The lines below, from the one holding "2021 Calendar Starting" through the one holding "French Macarons &", are to be restated word for word, with all images left out.
DATA SHOWN Start Marker
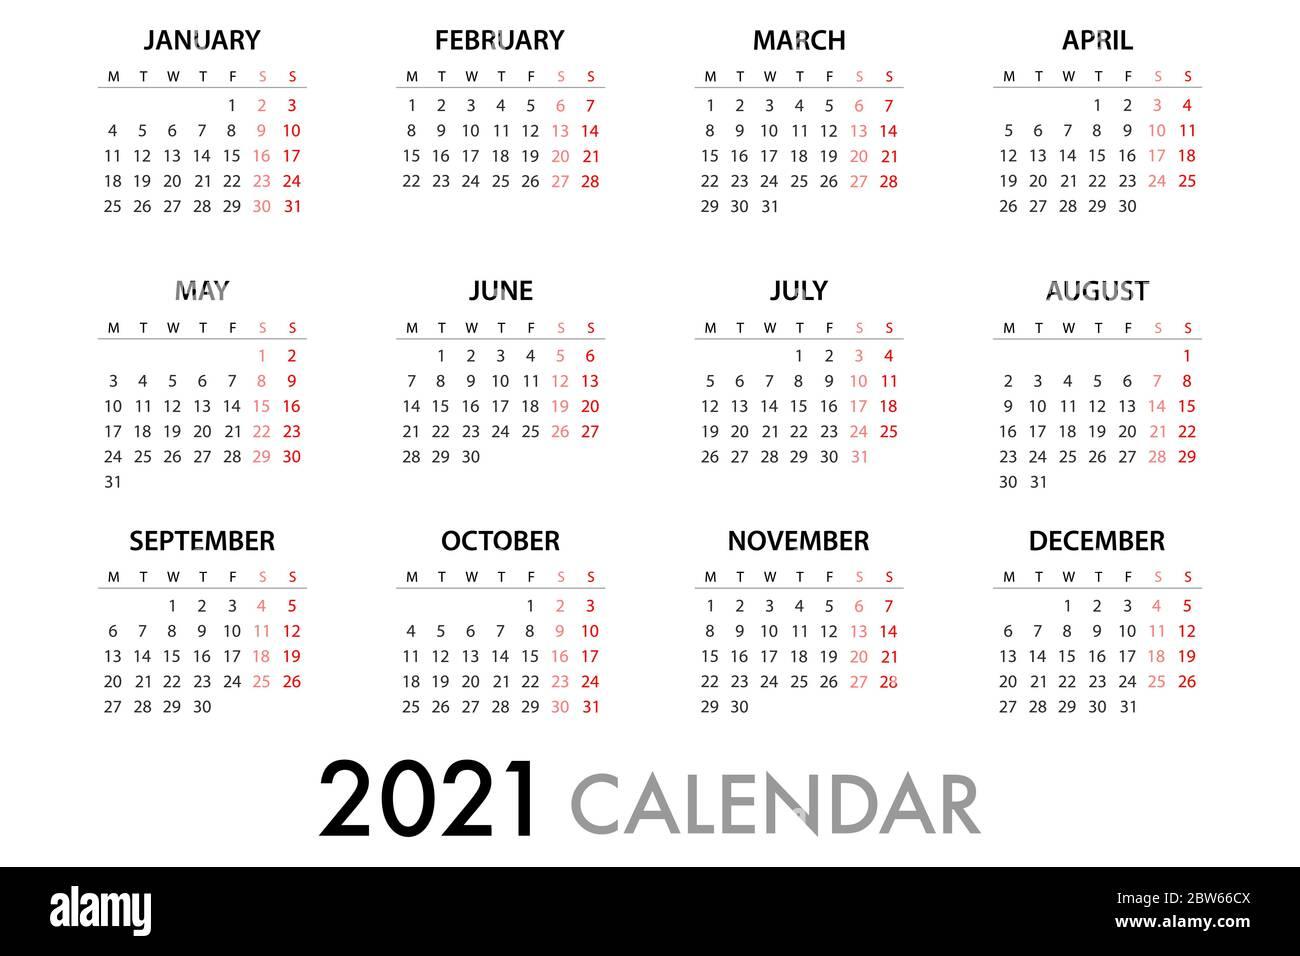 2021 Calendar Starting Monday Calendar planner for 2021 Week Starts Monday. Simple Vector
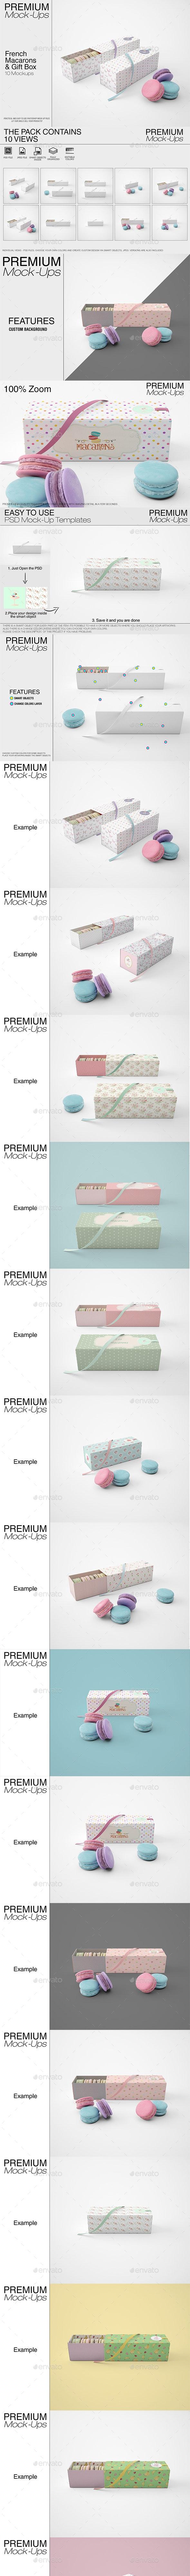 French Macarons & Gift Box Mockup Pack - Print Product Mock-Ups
DATA SHOWN End Marker
DATA SHOWN Start Marker
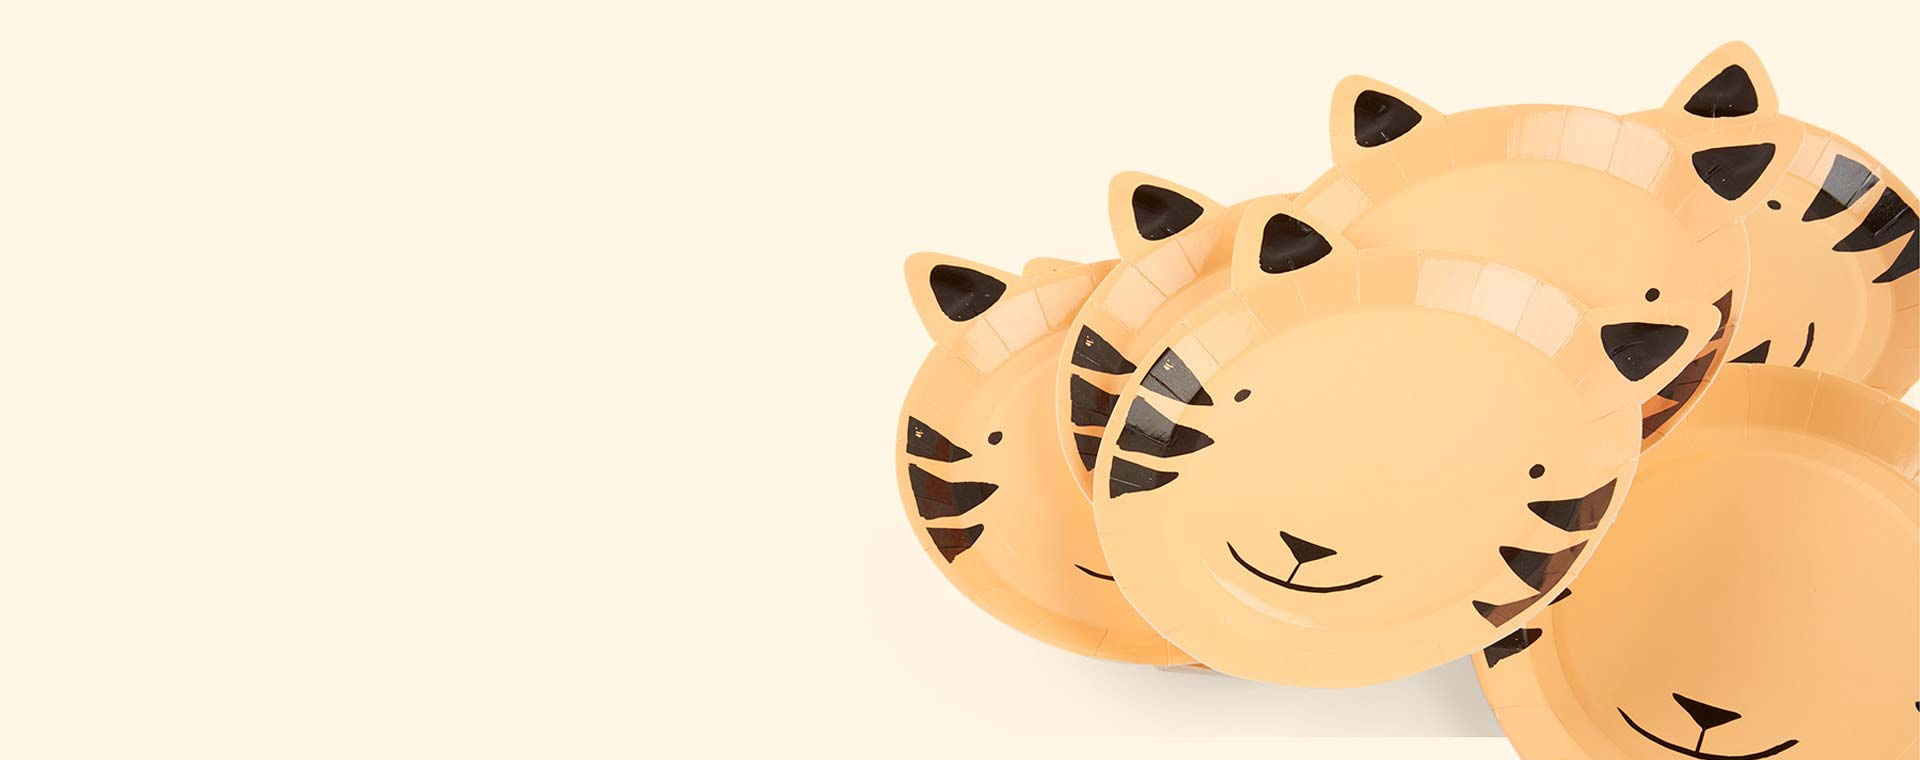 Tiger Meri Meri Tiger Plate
DATA SHOWN End Marker
RESULT FOR THIS EXERCISE.
 2021 Calendar Starting Monday Calendar planner for 2021 Week Starts Monday. Simple Vector
 French Macarons & Gift Box Mockup Pack - Print Product Mock-Ups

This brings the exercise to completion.